WHAT IS REQUIRED
Take nothing but the lines from the one with "MUSTANGS collage sweatshirt" through the one with "Bra Strap Holder" in the entries below, both ends kept, and return them exactly with pictures left out.

**** RAW DATA ****

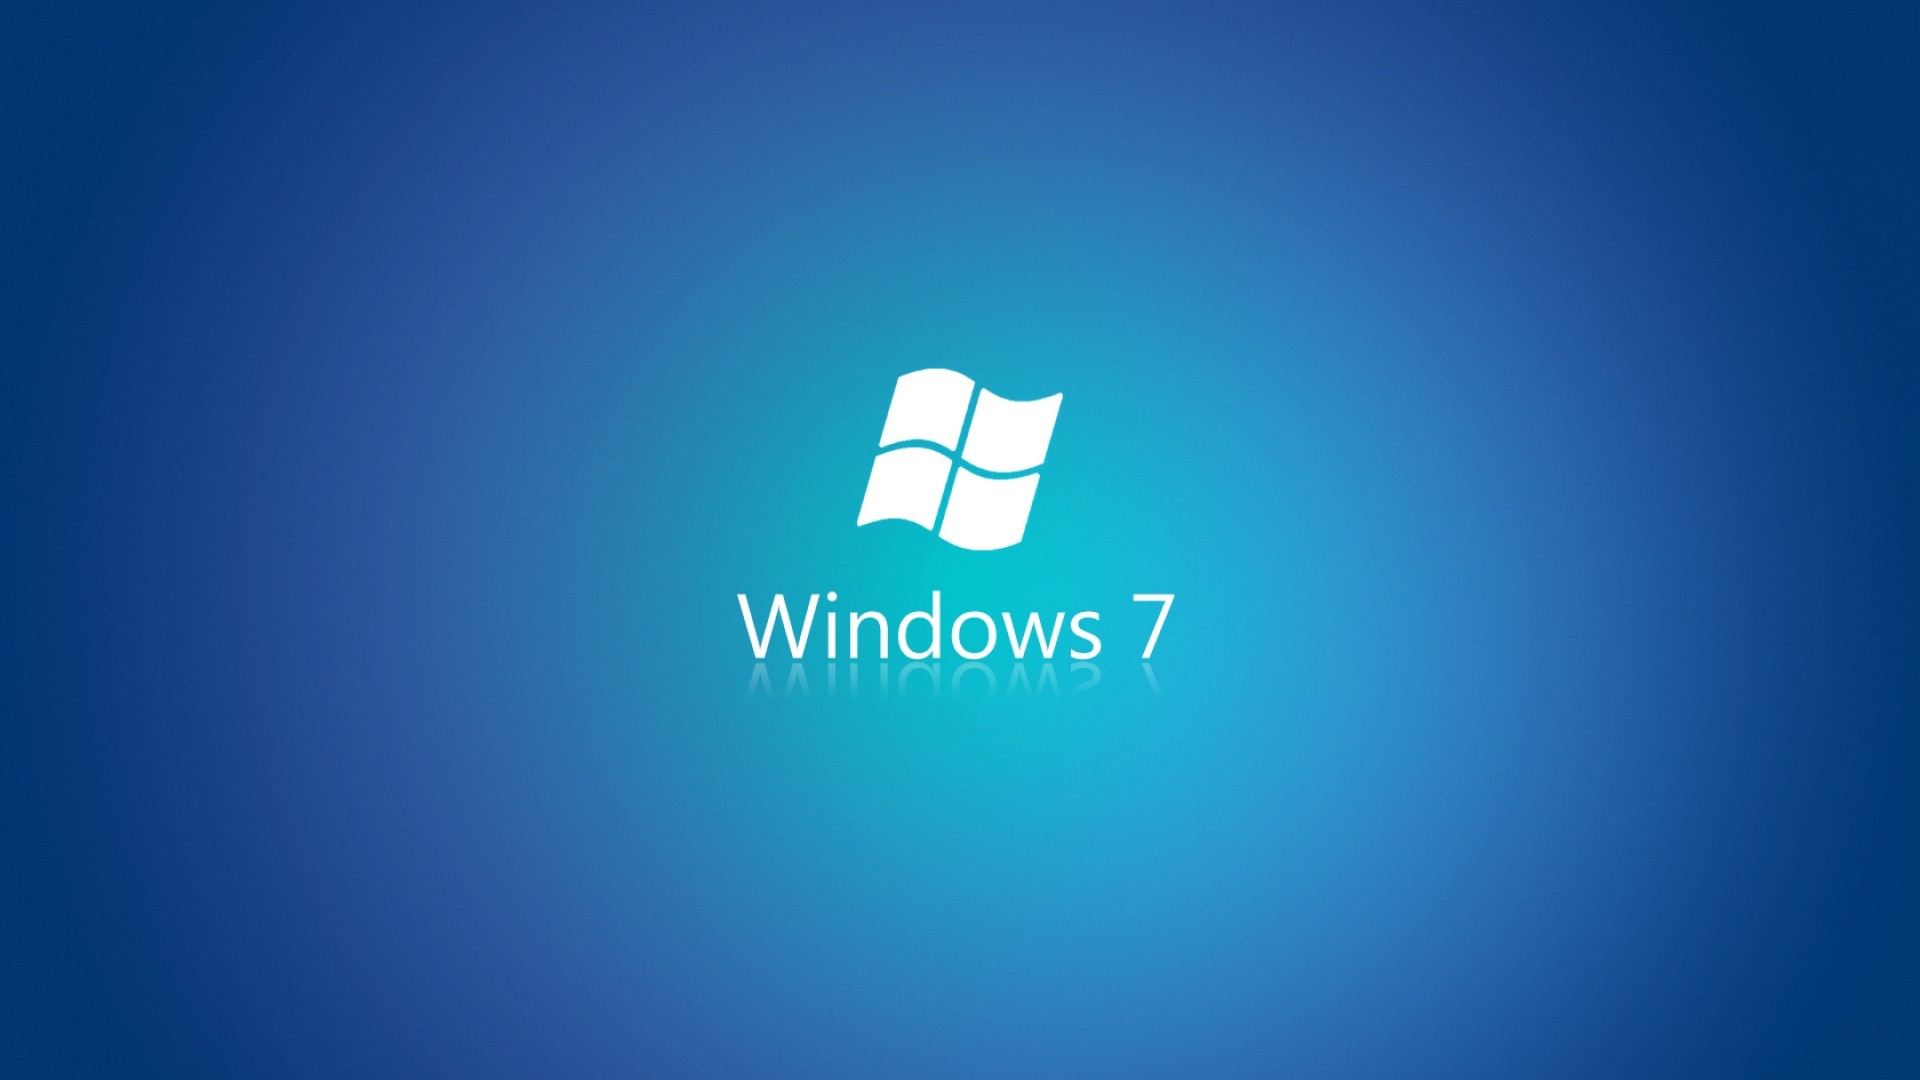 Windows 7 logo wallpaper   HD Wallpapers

****
**** RAW DATA ****

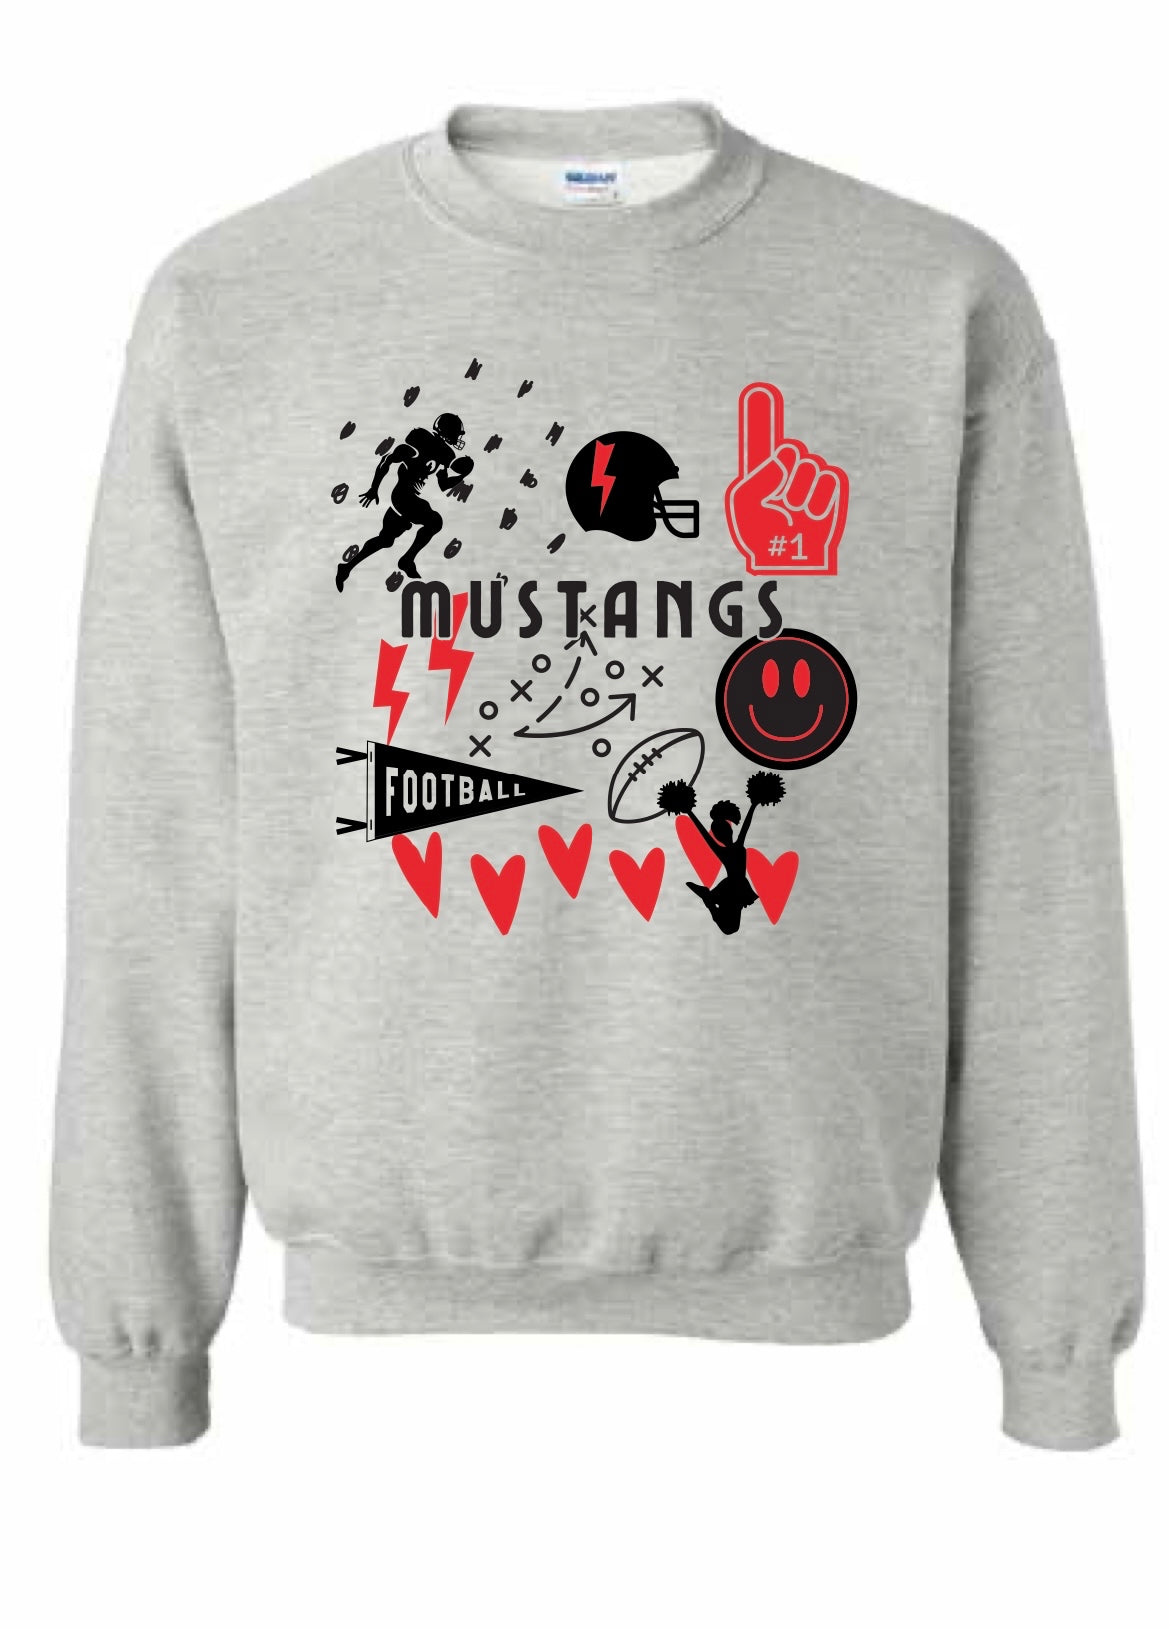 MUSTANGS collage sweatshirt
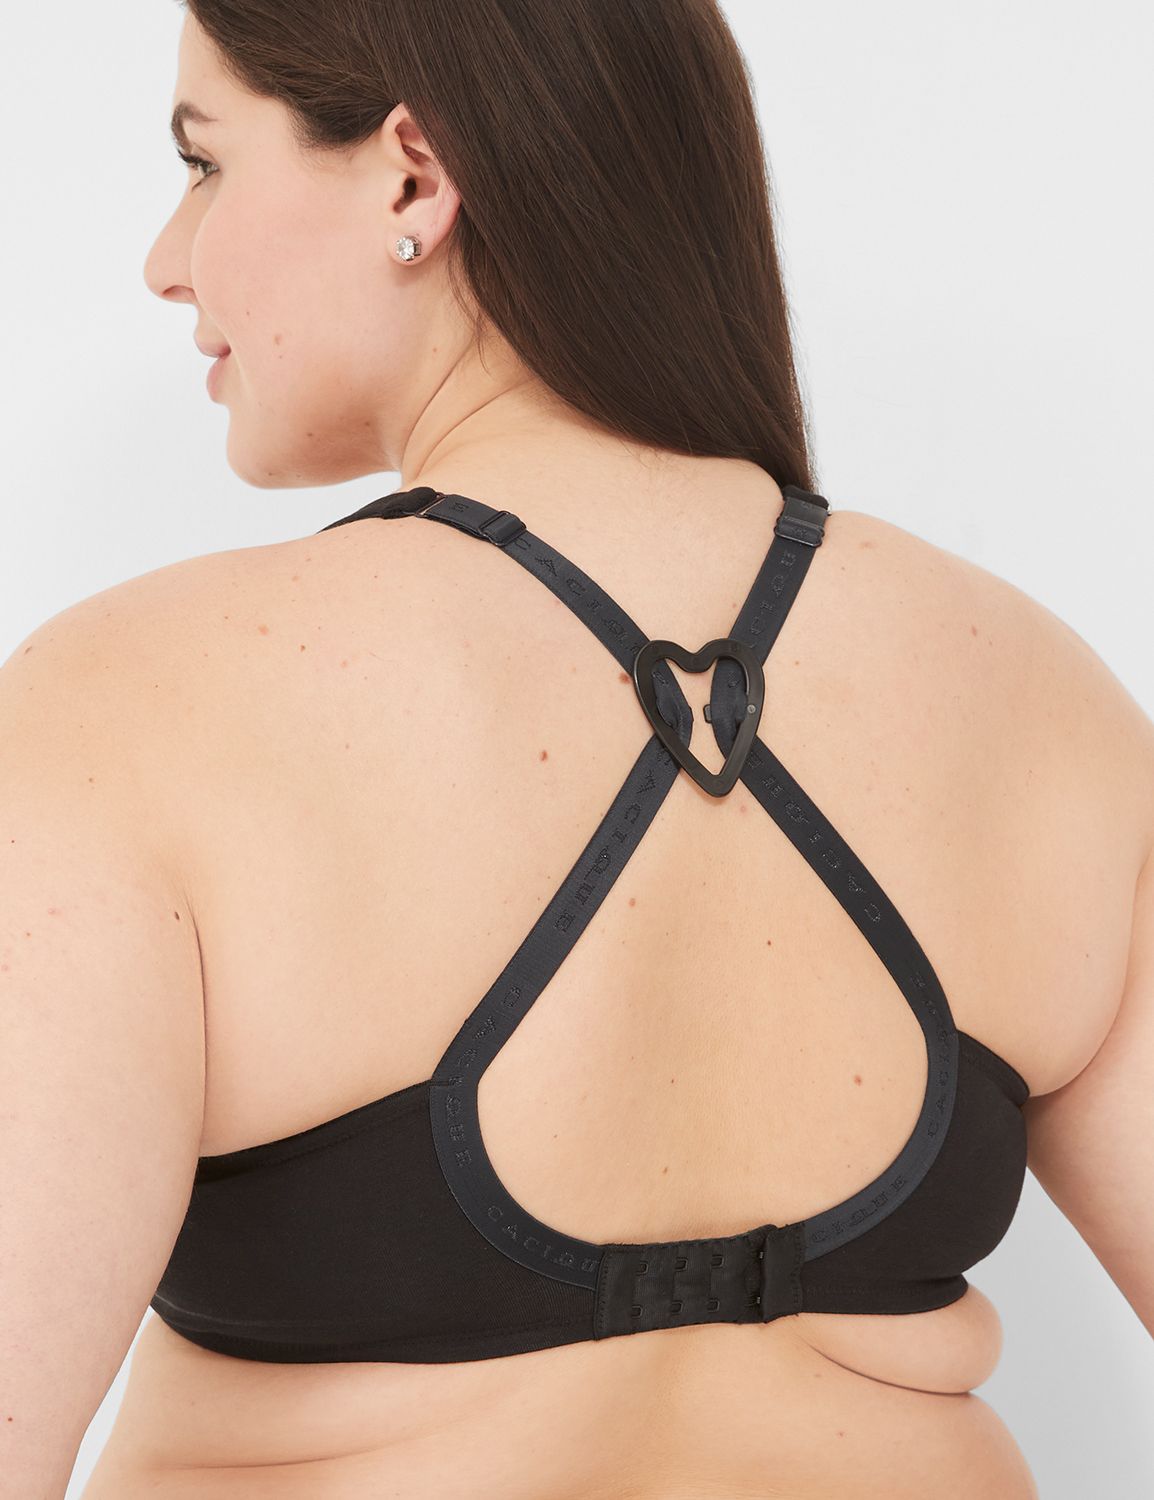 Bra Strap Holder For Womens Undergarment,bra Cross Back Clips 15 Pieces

****

TASK SOLUTION
 MUSTANGS collage sweatshirt
 Bra Strap Holder For Womens Undergarment,bra Cross Back Clips 15 Pieces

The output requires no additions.